Feeling down every now and again is normal for everyone, but when these feelings of sadness and lethargy are persistent, it may be a sign of clinical depression. It may manifest itself in various ways, such as a lack of interest in work, socializing and hobbies. Being tired all the time, having no energy, sleeping too much or too little, and overeating or not eating enough are all tell-tale signs.
In any given year, approximately 10 percent of adults suffer from a diagnosable depressive disorder; some surveys indicate it to be higher. Regardless of statistics, depression is one of the most common illnesses in our society today. It can seriously affect our relationships, our work and general quality of life. If you experience serious or extended periods of depression you should seek professional help with the condition. But apart from medication and therapy, what can we do to help alleviate its symptoms?
Share your thoughts with someone about how you feel. Keeping your feelings to yourself will only feed your depression, so tell someone how you are feeling. It will also help you and others get used to your emotions.
Scientific research suggests that physical activity increases feelings of well-being, releases natural endorphins, combats stress, and relaxes muscles: all things that will help fight depression. It need not be strenuous: A 10 minute walk will boost your mood.
A balanced diet of protein, complex carbohydrates, fruit and vegetables will help steady your mood. Eating baked potatoes, whole-wheat pasta, oatmeal, whole grain breads, brown rice and bananas can all boost serotonin levels in the brain. Omega-3 fatty acids found in fish such as salmon and mackerel can also help ease depression, as can increasing your intake of B vitamins by eating more leafy greens, beans, chicken, eggs and citrus fruit.
Alcohol is in fact a depressant drug, so limit the amount you consume and try to have it with food. Women are advised to drink no more than one alcoholic drink a day (a 12 oz beer or a 5 oz glass of wine), and men no more than two alcoholic drinks a day. As well as helping to fight depression, you could also save some money!
People are more likely to suffer from depression when they are alone. Although it might be the last thing you want to do, making that extra effort to meet up with a friend or two will concentrate your mind on other matters, as oppose to being solitary and introspective. If you can combine this with an activity that you enjoy, like going to the movies, then even better.
Negative thoughts are really the depression talking, so try to be aware of this and realize that it is these thoughts that subsequently affect your mood. Then you can make the decision to change how you think. For example, instead of thinking, I'm so much older than he is, think, I have so much more life experience than he has. Try to get into the routine of using these negative to positive thought transplants. The best way to change how you feel is to change how you think.
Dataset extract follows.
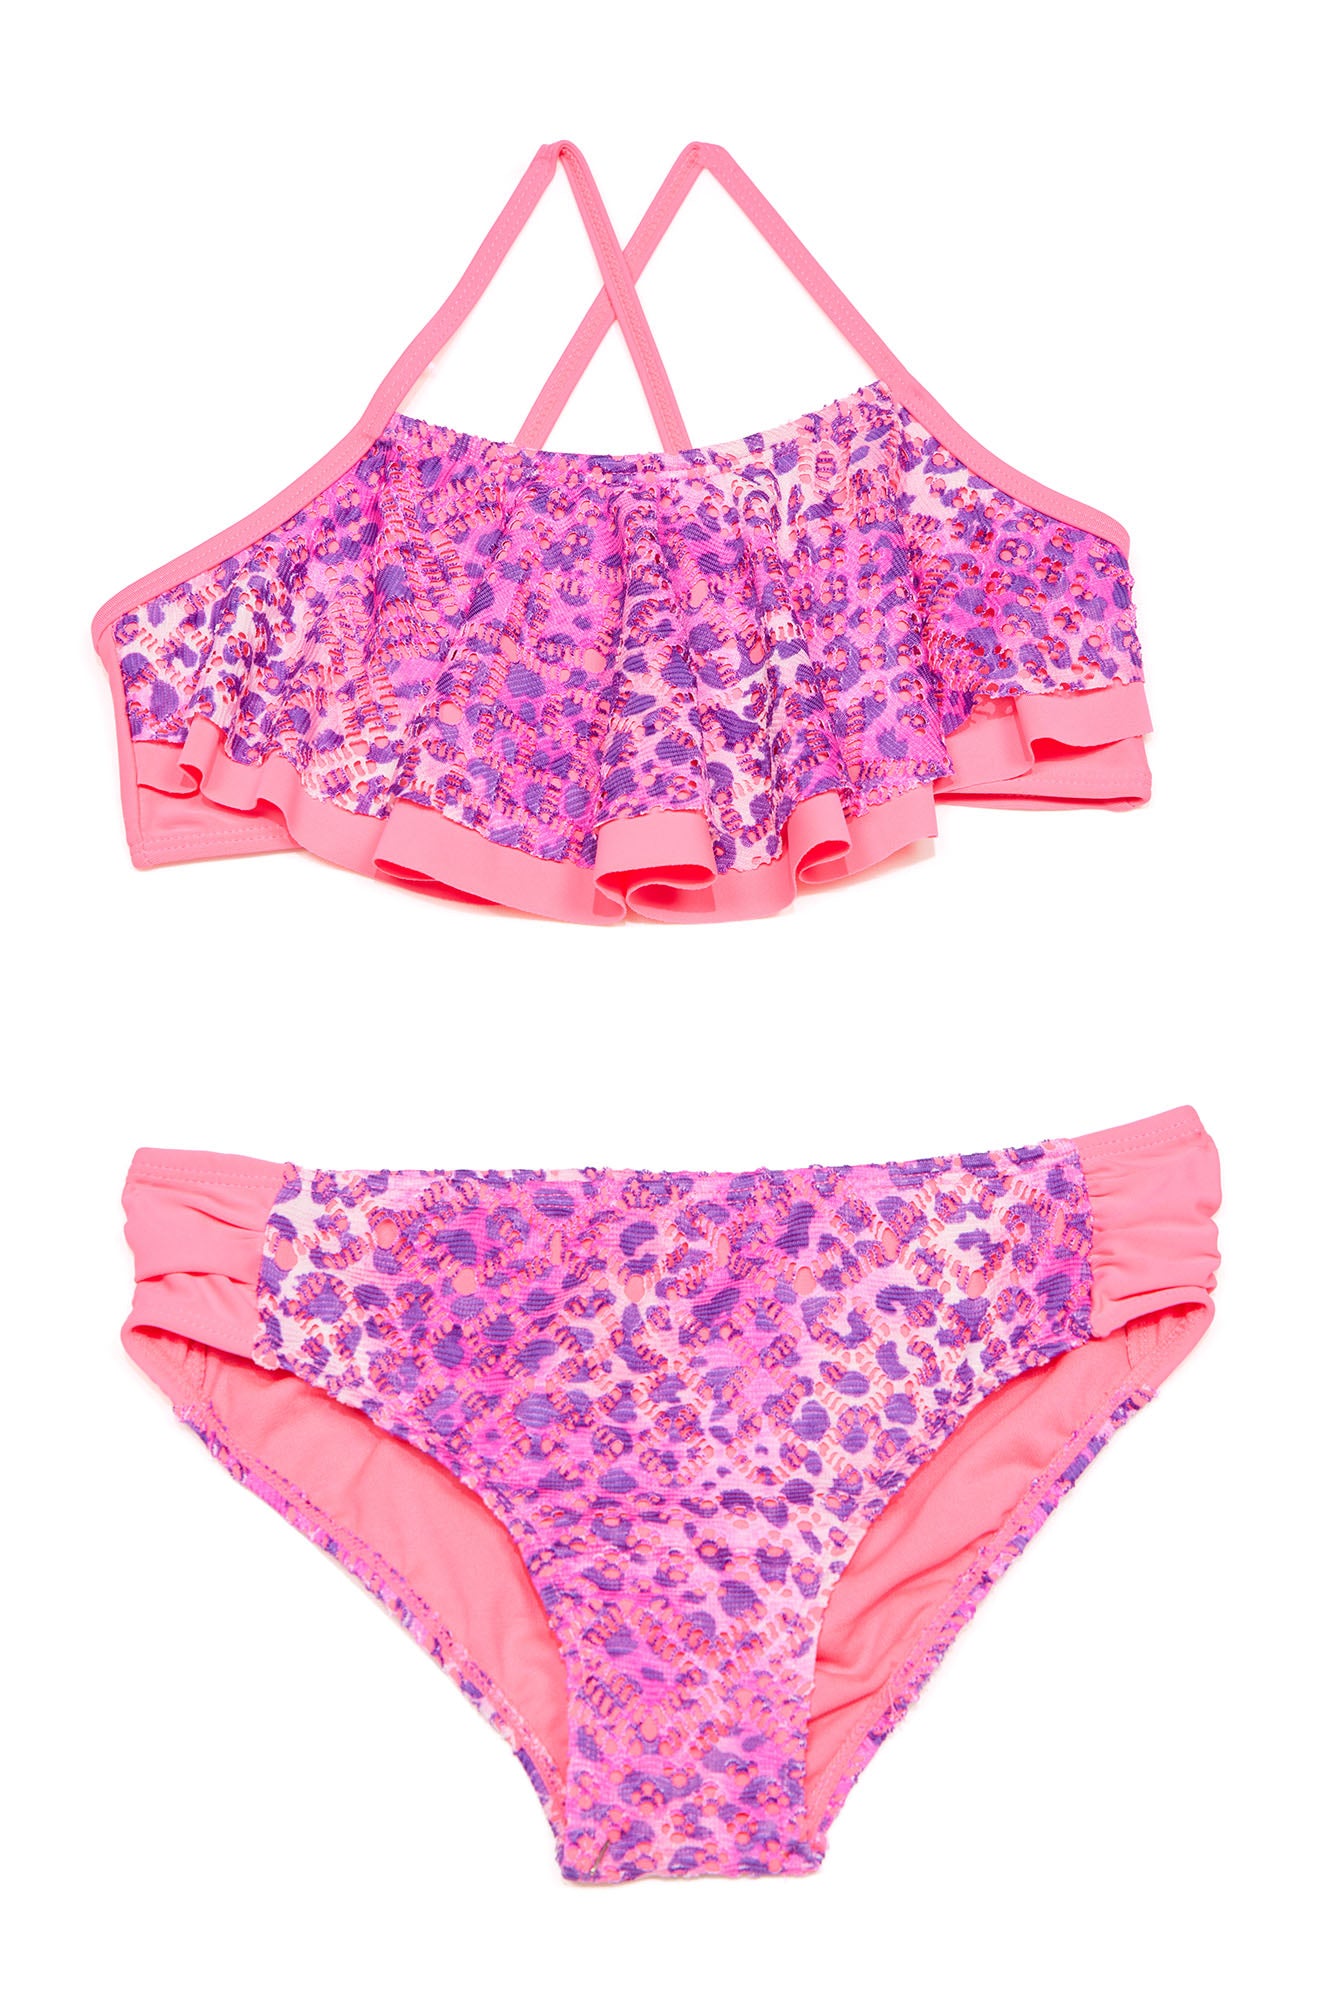 Cute Pink Swimsuits For Women & Teens Cheap Bathing Suit Flounce
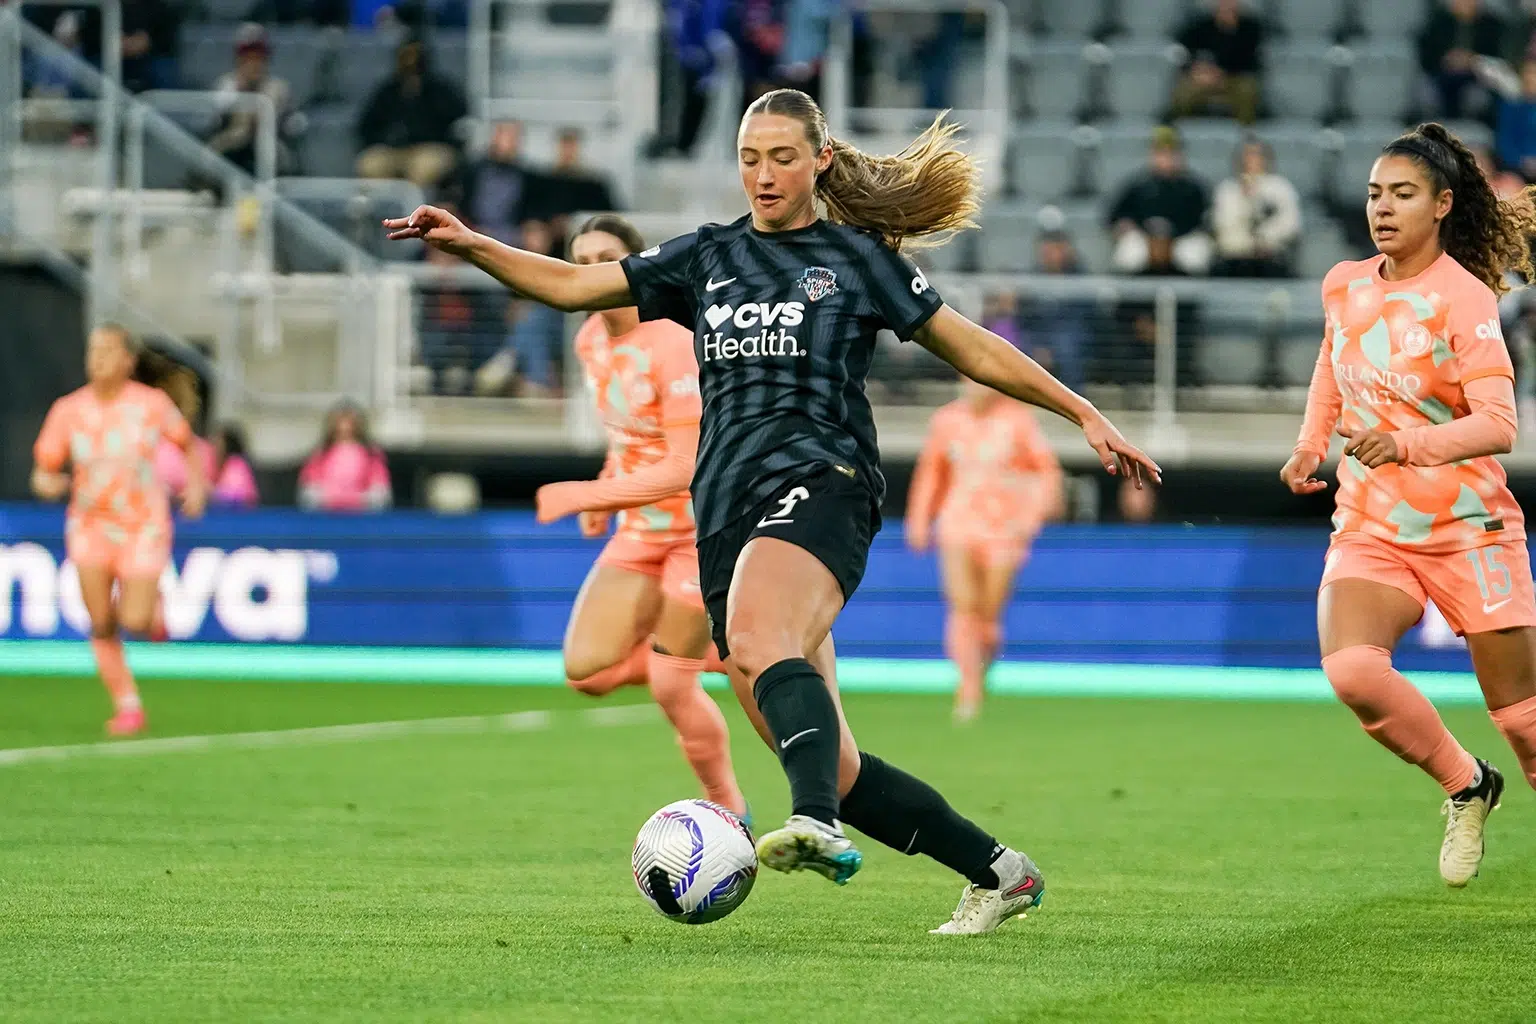 Tara McKeown dribbles a ball while wearing a black kit. Two Orlando defenders in orange kits chase behind.

When you don't get enough sleep, depression symptoms can get worse. Try to get into a routine and relax before going to bed. If you can, aim for between seven to nine hours each night.
Learning a new skill, taking up a hobby or finding new interests will help to keep your mind active and build your self-esteem. Study a subject that interests you. Any constructive activities will leave you with a sense of pride and accomplishment. Even tidying a room you keep ignoring will make you feel better.
Physically recording your thoughts onto paper will help depression. If you are worrying about something before you go to bed, write down what you are worried about and how you are feeling. You might want to show loved ones so that they can better understand you. Also, write a list of things that make you happy and have made you happy in the past; it will focus your mind on the things that matter to you and which activities best cater to your general fulfillment. Make a list of all your best qualities and accomplishments and everything you have to be thankful for. A friend can also help you with this. You can add to these lists at any time and re-reading them regularly will focus your mind on the positive rather than the negative.
Just by making small changes, you can make a big difference to your life. Ask others to help you to identify problem areas that you could try to tackle head on. Are there particular situations you could avoid? Or are there certain people that make you feel worse? You can always ask for help, which is not a weakness: it proves that you are human and demonstrates a strength of character.
Many of us have either experienced depression personally or know of someone who has. If you do have feelings of hopelessness, worthlessness and feel empty on a day-to-day basis, it is best to admit it to yourself and to others. Once you realize you have depression, you can do something about it. It doesn't always have to involve drugs or therapy, HOWEVER, if you think yourself or a loved one is suffering, especially from severe depression, it is best to seek professional advice before it gets worse. Always remember that depressive episodes can and will pass in time. You are not and never will be alone.